Immigrants and Assimilation

Immigrants and Assimilation

I’m not going directly to take on Jon’s latest post on naturalization rates. It’s quite complicated, and Jon’s correct that it has to take into account flows and stock. It’s clear that the rate has been rising. For those interested in a detailed analysis, check out this report by Jeffrey Passel from the Pew Hispanic Center.

That doesn’t answer the question of why immigrants are naturalizing in higher numbers. I agree with Jon that some immigrants in the past have no doubt naturalized for instrumental reasons. I suspect there are more who are doing so today. Dual citizenship again is a crucial factor. In the past, you had to choose. Should I forfeit my original citizenship, something on the order (in Peter Schuck’s formulation) of abandoning your first love? That probably made more likely the convergence of affective and instrumental motivations in the naturalization decision. Today, you can add a citizenship for instrumental reasons (even trivial ones, like getting the better treatment at the airport) without being forced to factor in sentimental factors (and “loyalty”, whatever that means today). (I have some quibbles with Jon’s characterization of practices relating to dual citizenship in the 19th and early 20th century which I’ll hope to point out in a comment to his post.)

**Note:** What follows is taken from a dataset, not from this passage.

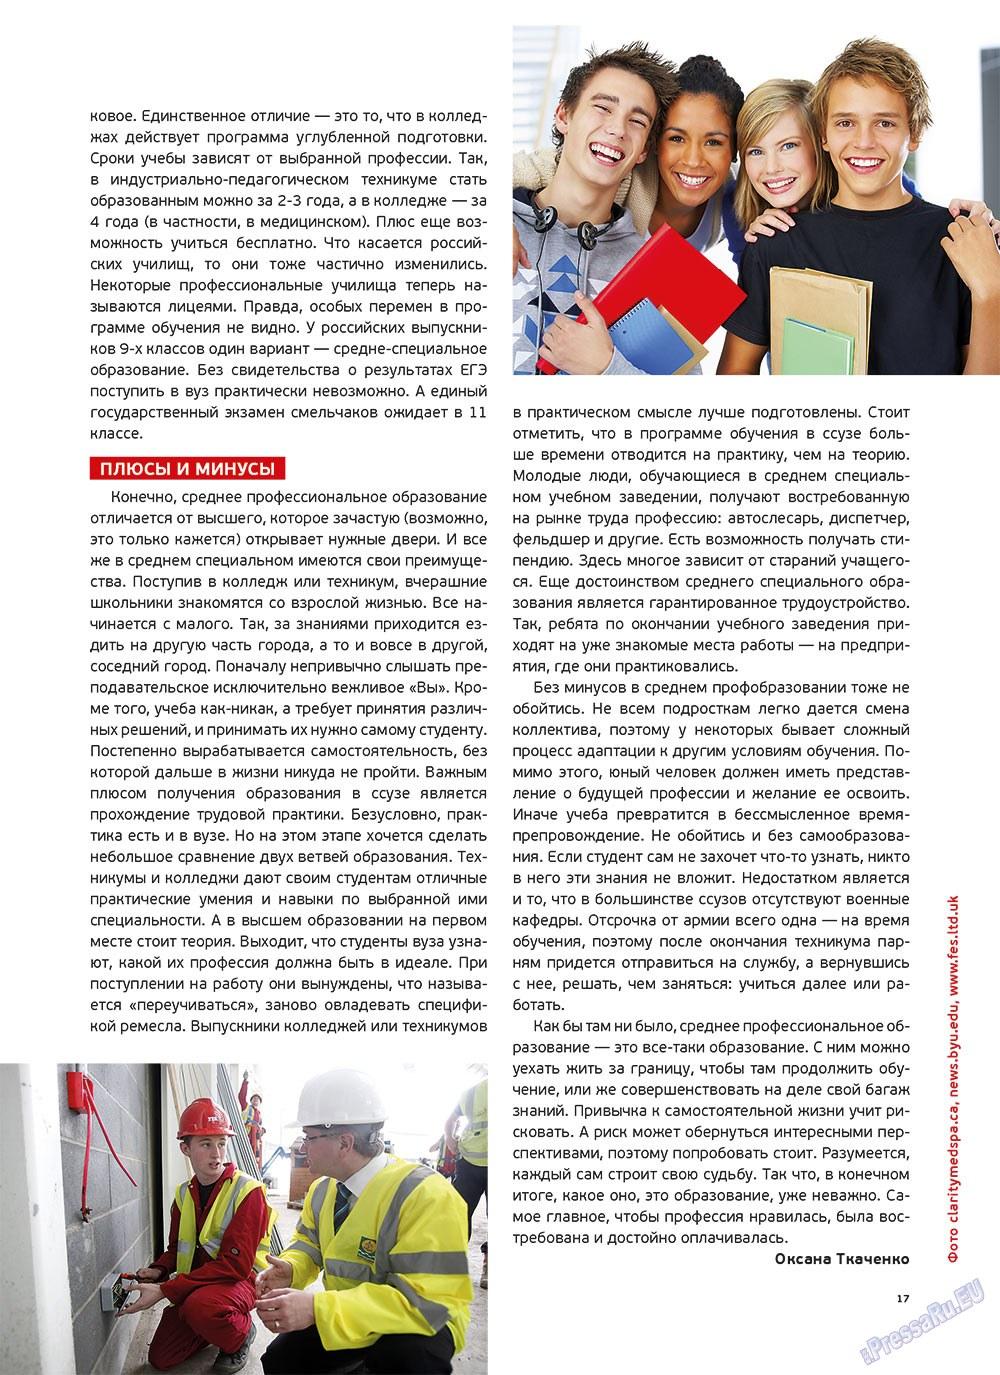 Артек (журнал). 2012 год, номер 6, стр. 19

The ultimate question here might be whether immigrants are assimilating. (There’s a report out just yesterday from the Manhattan Institute which offers up some conflicting evidence. On the one hand, the study shows some uptick in assimilation among recent arrivals. On the other, it concludes that assimilation is lower today than among immigrants of a century ago. A perfect case of dueling headlines: compare this with this!)

I think the answer is probably yes and no, and I’m not sure it makes a difference. Yes in the sense that most immigrants know the basics of constitutional democracy and American popular culture. No, however, to the extent that they may not be connecting in a way that’s any different from the way that the rest of the world is connecting to the United States. In other words, the immigrant from Manila or Santo Domingo or Seoul or Zacatecas may be assimilated, but not much more assimilated than the family members she left behind.

There may be a partial answer in here to Jon’s most recent post on diasporic communities. It also works with what I call happenstance Americans. Born in the US, citizenship for life, leaves at age 2: that person wil probably end up knowing a fair amount about the United States and be connected to it in various ways, but not necessarily much more than her non-US citizen neighbor in the foreign country in which she now lives. If everyone’s an American, citizenship becomes an arbitrary binary, dividing haves and have-nots in a way that doesn’t reflect social realities on the ground, and it becomes unable to do the sort of work it has in the past.